Dismayed by Blunkett's decision, card enthusiasts have claimed that improved technology is the answer. Current proposals include a "smart card", with retina scans and automatic fingerprint recognition. But anyone capable of faking a passport or a credit card could easily handle such a system. In fact, the lower-tech the better. One strength of the British ID card of the Second World War was the paucity of information stored on it. When confronted by a policeman, a deserter with a forged or stolen card would have to guess a date of birth, which could then be cross-checked.
While Whitehall wanted the card merely to assist conscription, planning and rationing, commentators saw many other possible applications. No longer would a gentleman have to wait to claim a suitcase, the bigamist escape detection, or the subversive "alien" remain in the country.

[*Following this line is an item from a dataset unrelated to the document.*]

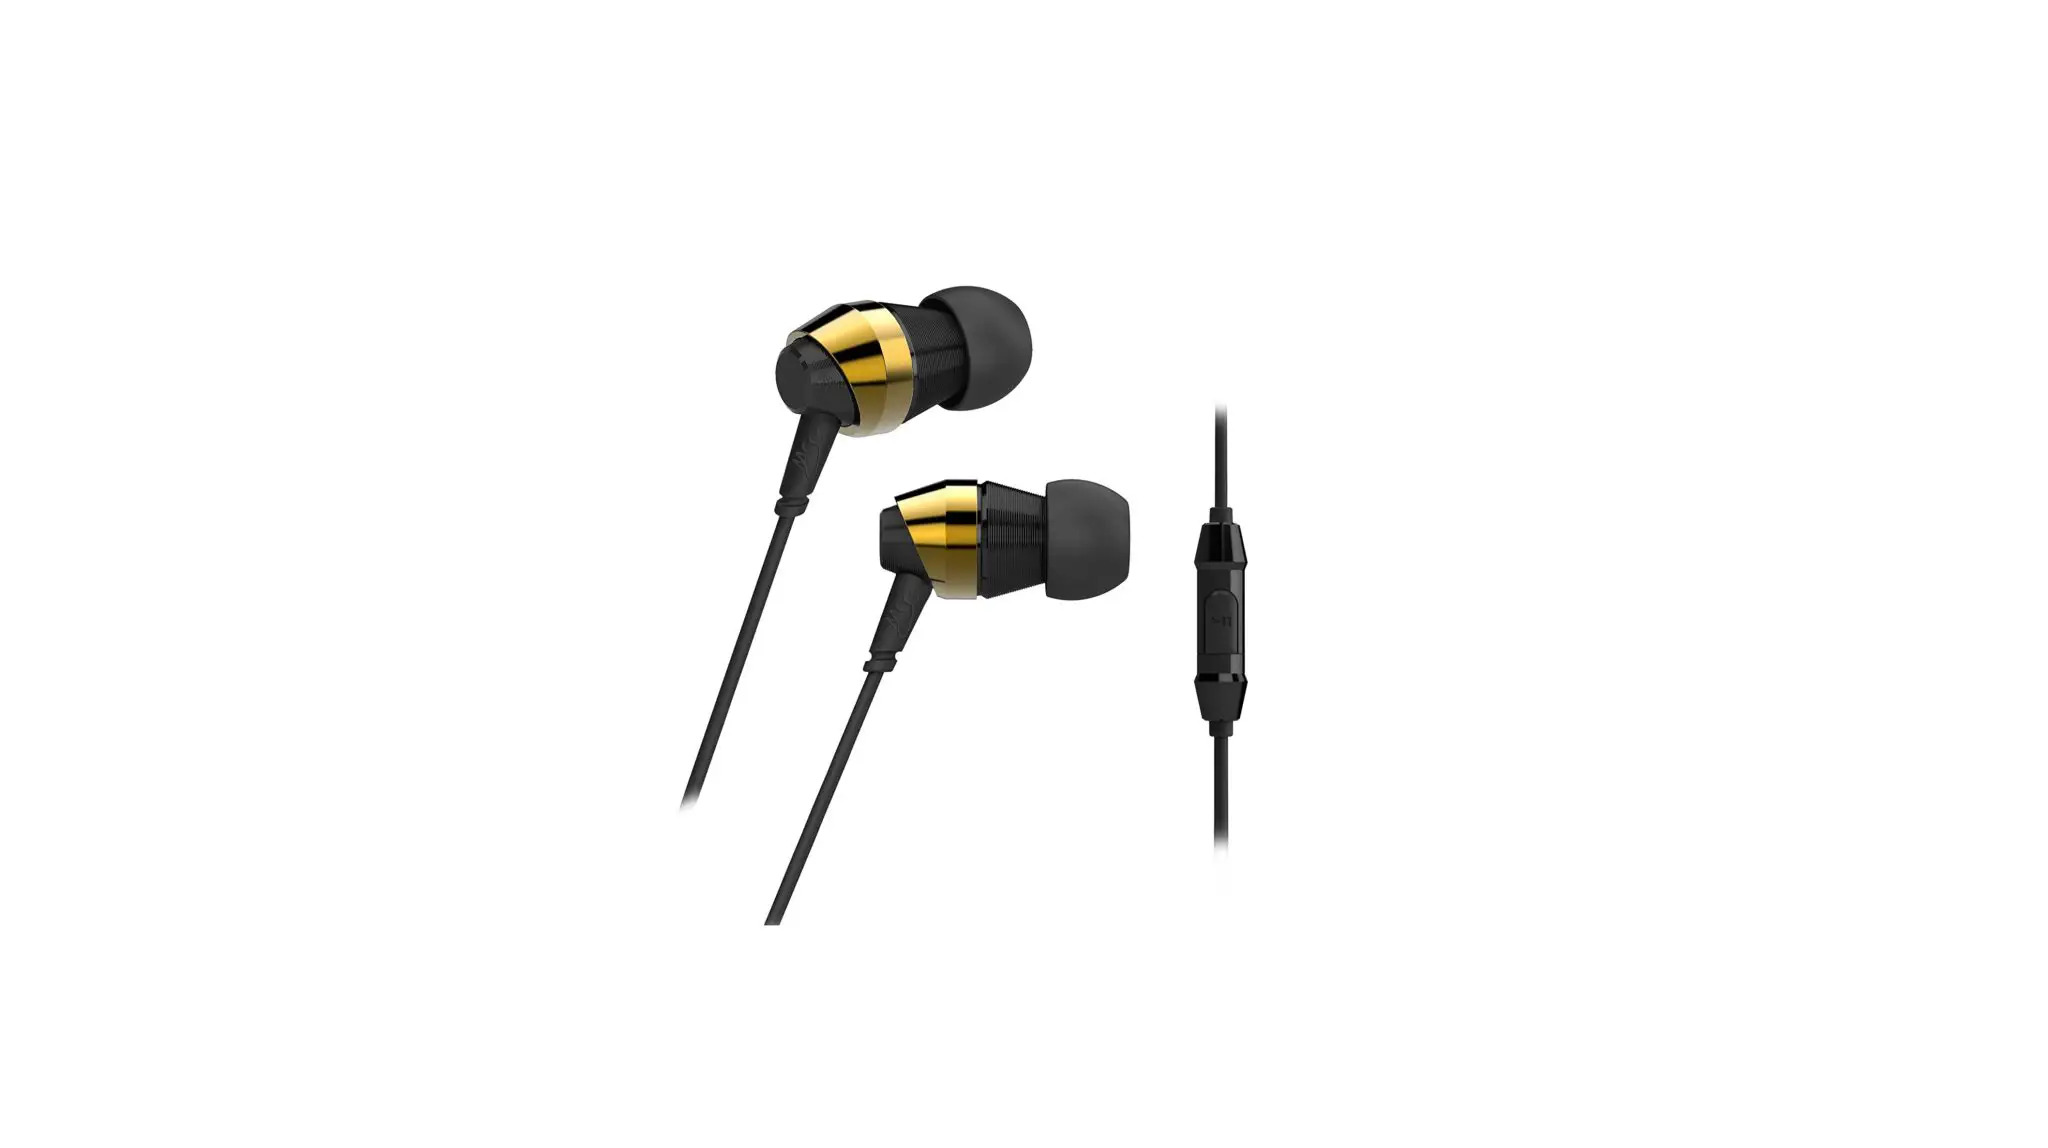 M-Duo Dual Dynamic Driver Noise-Isolating In-Ear Headset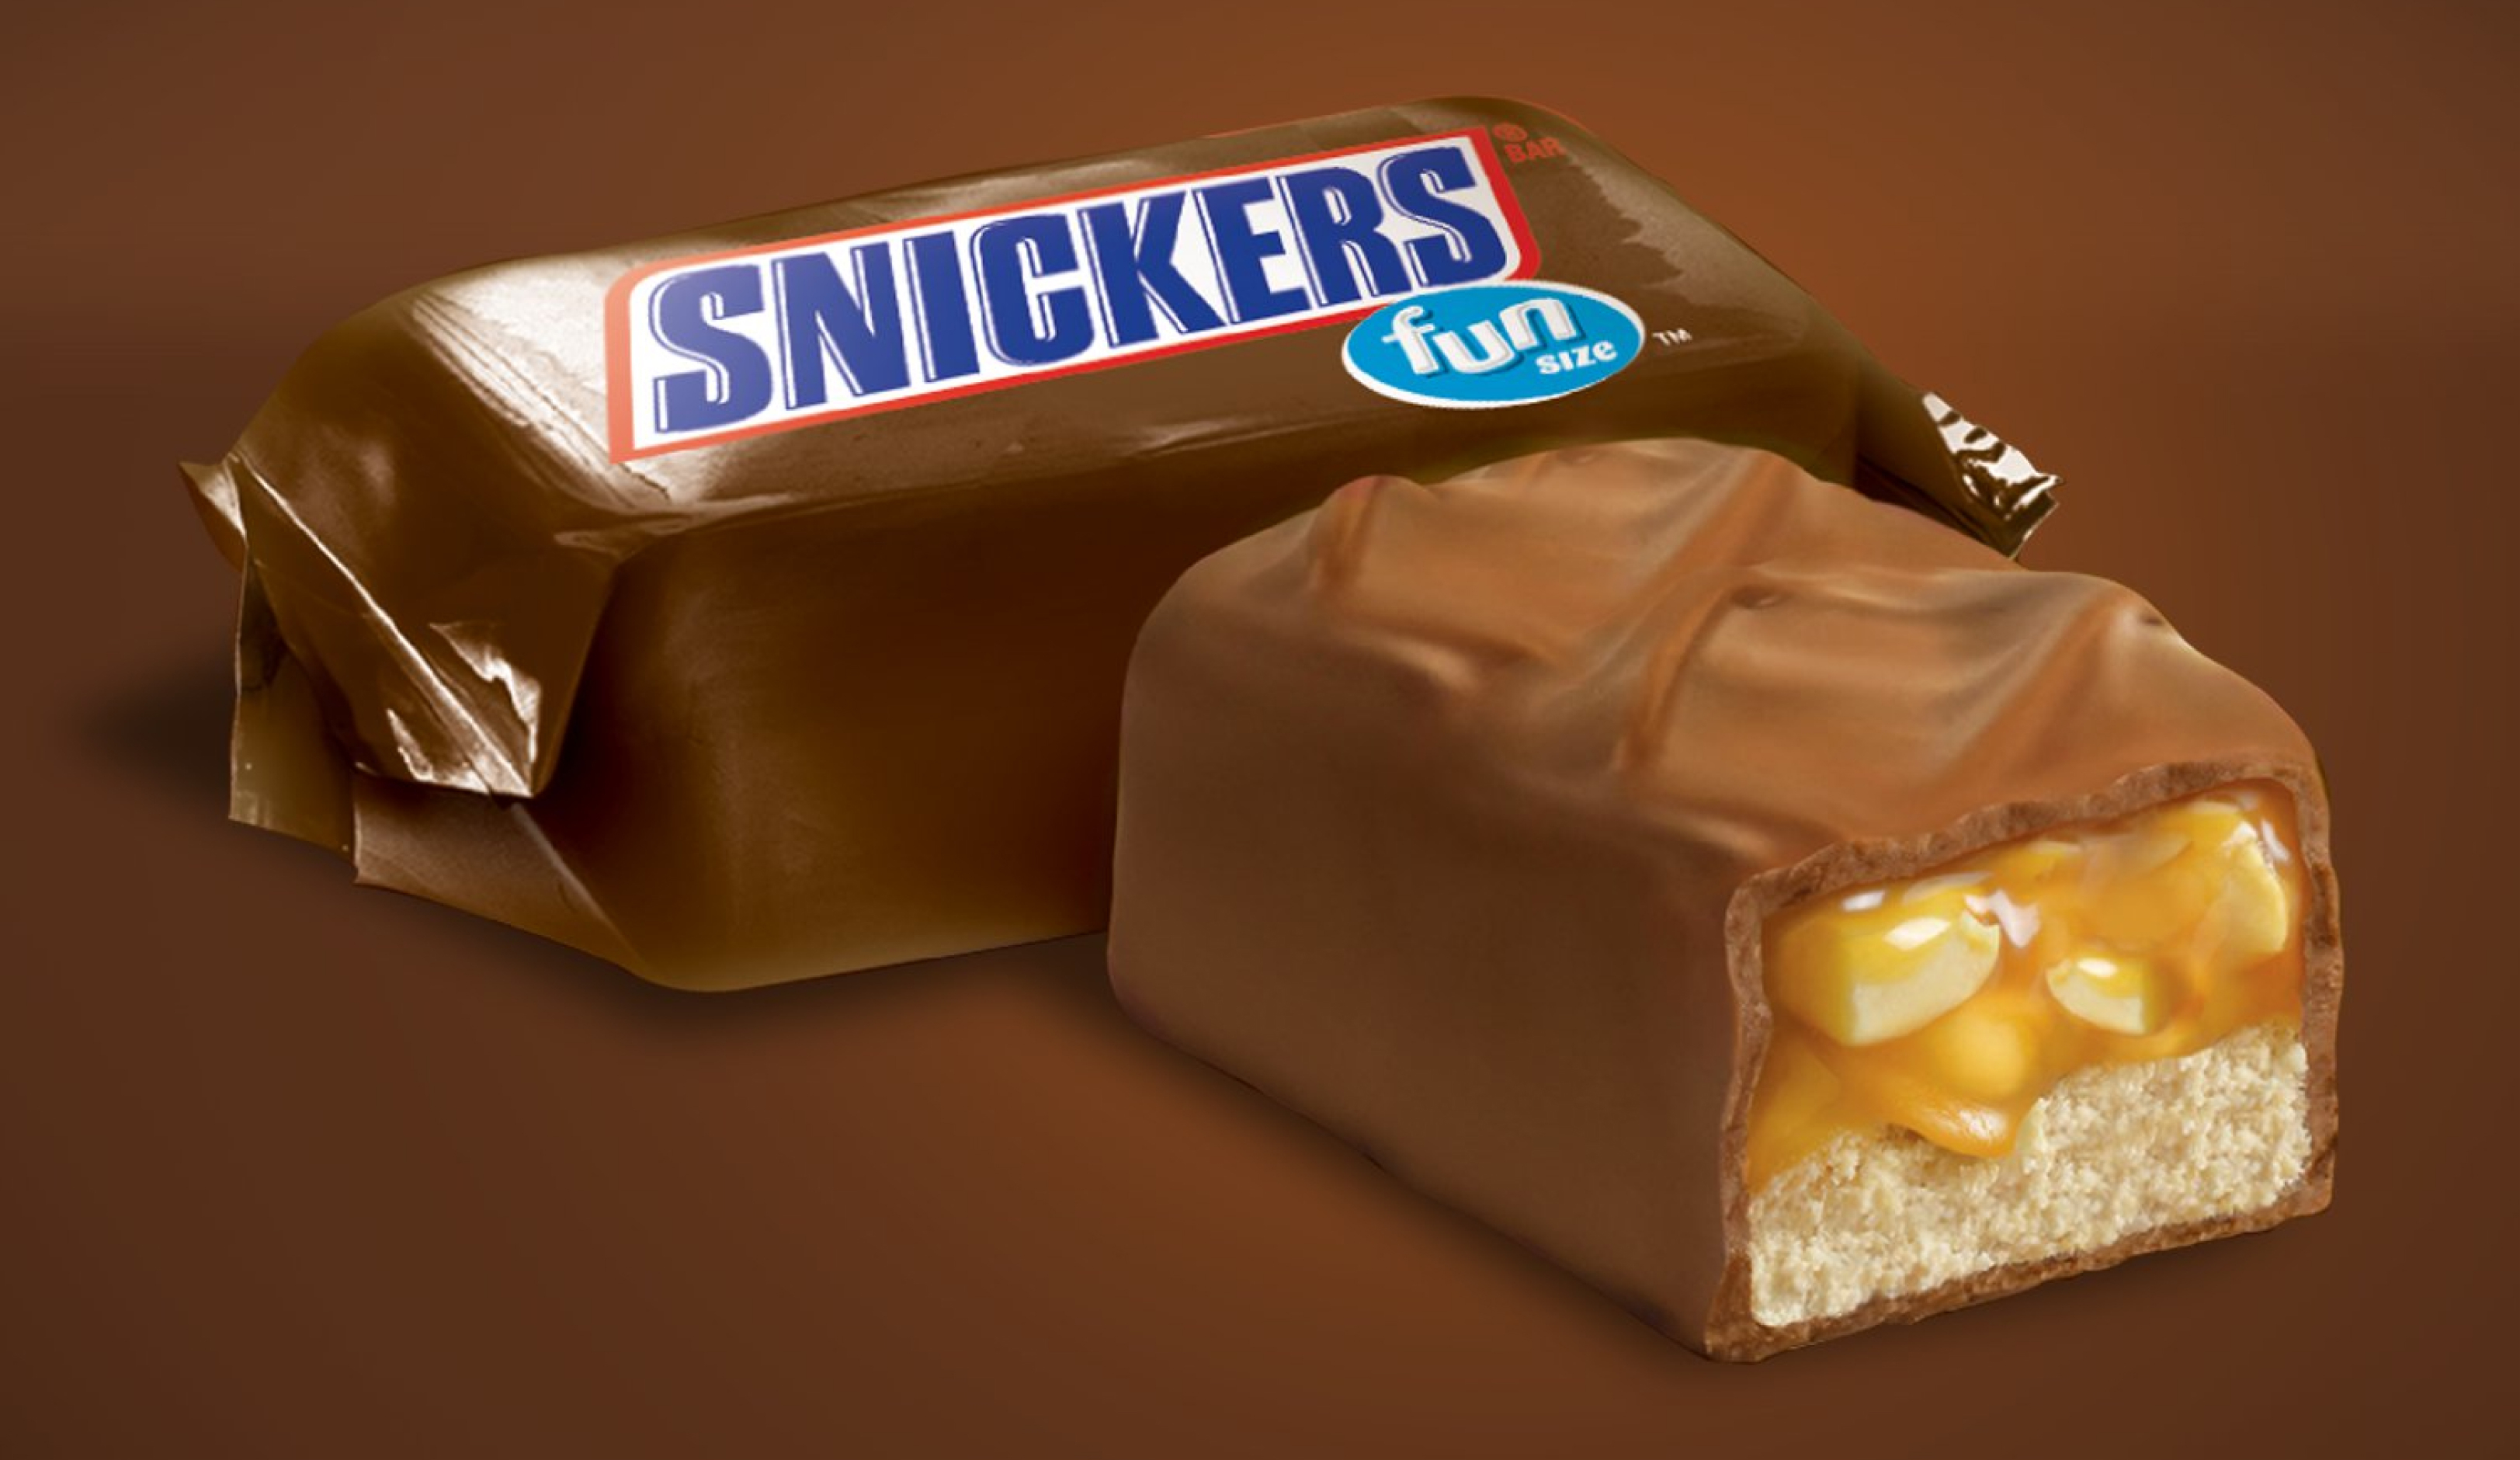 Cross-section of Snickers mini chocolate bar next to packaged mini bar

But as the past shows, cards could be easily forged, and a national register was a ludicrously expensive way to tackle the couple of hundred cases of bigamy each year. The available evidence also shows that the security services made little use of national register data, regarding their own smaller registers as more effective.
When the young Liberal Clarence Willcock refused to present his ID card to a policeman in 1951, the Lord Chief Justice found in favour of the government. But his ruling was couched in terms that made clear his opposition to that wartime hangover, the ID card. While Whitehall did press to keep the national register going, it was not a big issue. This was because, at least since 1918, the consensus had been that the surveillance advantages of a national register could be achieved through a bureaucratic amalgam of uncontentious partial registers. It was hoped that, by this compromise, surveillance of the population could be achieved without those symbols of the oppressive state, a national register and universal ID cards.testking 640-863
Neither atheism nor religion necessarily equips one with the capacity to tap exhilaration from the beauty that is possible to nature and to human artefacts. And neither of them is based on a moral or social philosophy. There are as many of such philosophies and aesthetic tendencies as there as atheists and religionists. The pratfalls in the piece by Mr Wilson are very obvious. I suggest he visit my country Nigeria where religion is among the worst capitalistic industries the world has ever seen. Religious leaders here achieve their success by a combination of materialistic and intangible agencies: magic, rhetorical acumen and outright lies, glitz, stirring music, bribes, and even raw coercion. Thank you.